The Washington Post reported on the success of the four-day workweek experiment in Iceland, and the findings showed that the shorter workweek led to a more positive feeling for the workers, who experienced less stress and more balance.

“This study shows that the world’s largest ever trial of a shorter working week in the public sector was by all measures an overwhelming success,” said Will Stronge, director of research at the think tank Autonomy, adding that the program serves as a “landmark pilot” that provides a “precedent for other public authorities.”

“This [reduction in hours] shows increased respect for the individual. That we are not just machines that just work… all day. Then sleep and get back to work. [But that] we are persons with desires and private lives, families and hobbies,” said one participant.

What Americans are Looking For

Ironically, one positive that has come out of the pandemic is the way Americans have started to think about the work week and the type of jobs they want to have and how they want a job to interact with their private life, not overtake it. Forbes Magazine said, “Some 48% of Americans are rethinking the type of job they want post-pandemic.” According to the research, “53% say they’d switch to an entirely new industry if they could retrain.” The Pulse of the American Worker survey put out by Prudential ascertained that 25% of workers have their eyes set on a new job after the pandemic. The three most important sticking points are compensation, work-life balance, and lack of growth opportunities in their current positions.
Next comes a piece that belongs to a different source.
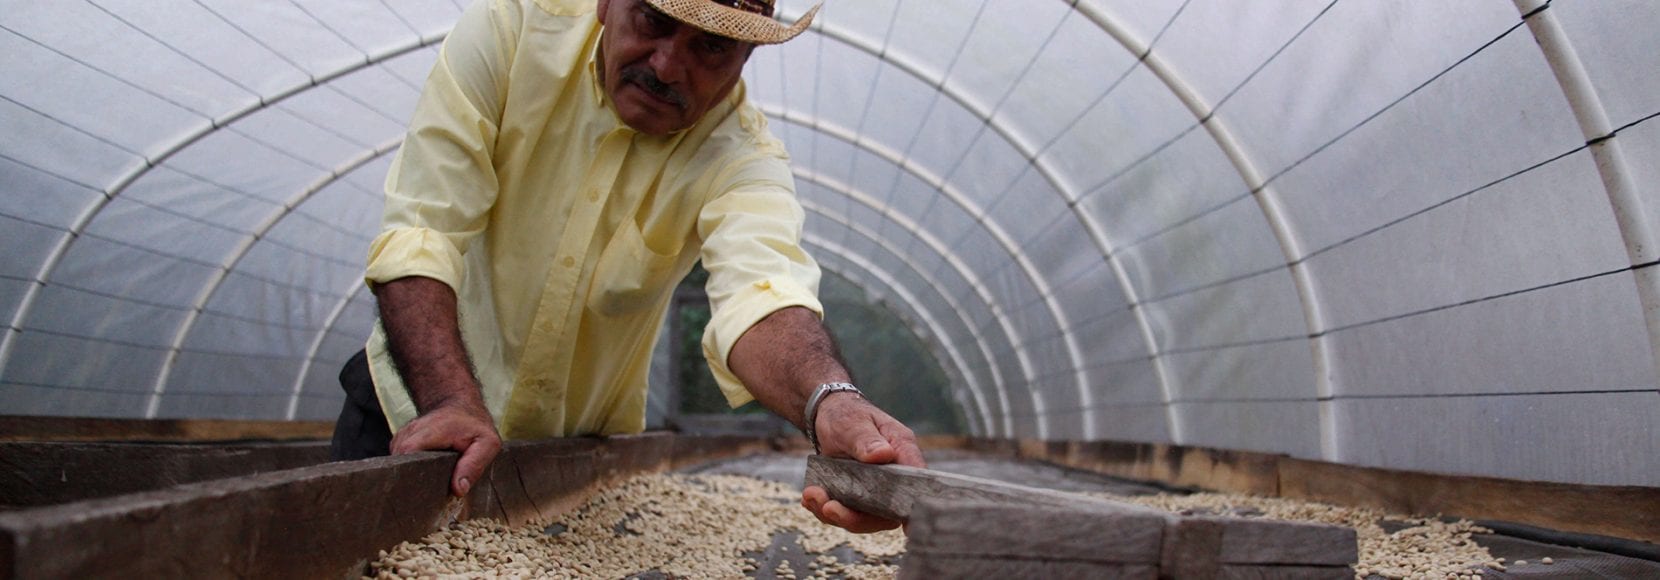 Man in Honduras raking coffee beans

The landscape of American jobs has been changed forever by the pandemic. Economists and philosophers are speculating about the “Great Resignation,” a time when millions of Americans will quit their jobs in search of something better, especially if they cannot continue remote work or garner other perks. With all the people resigning, businesses who are looking for workers will be forced to offer more flexible schedules, remote and hybrid options, and four-day workweeks so that they can hire the most qualified talent for their companies.

As the old saying goes, Americans need to work smarter, not harder. There is more to life than a paycheck, and at the end of the day, all employees are expendable. You are not, however, expendable to your five-year-old child, your spouse, and your best friends. And with the world already on its head with the aftermath of the pandemic, this is a good time to re-think priorities and use of time in order to create a more balanced life with time for play, work, family, and fun.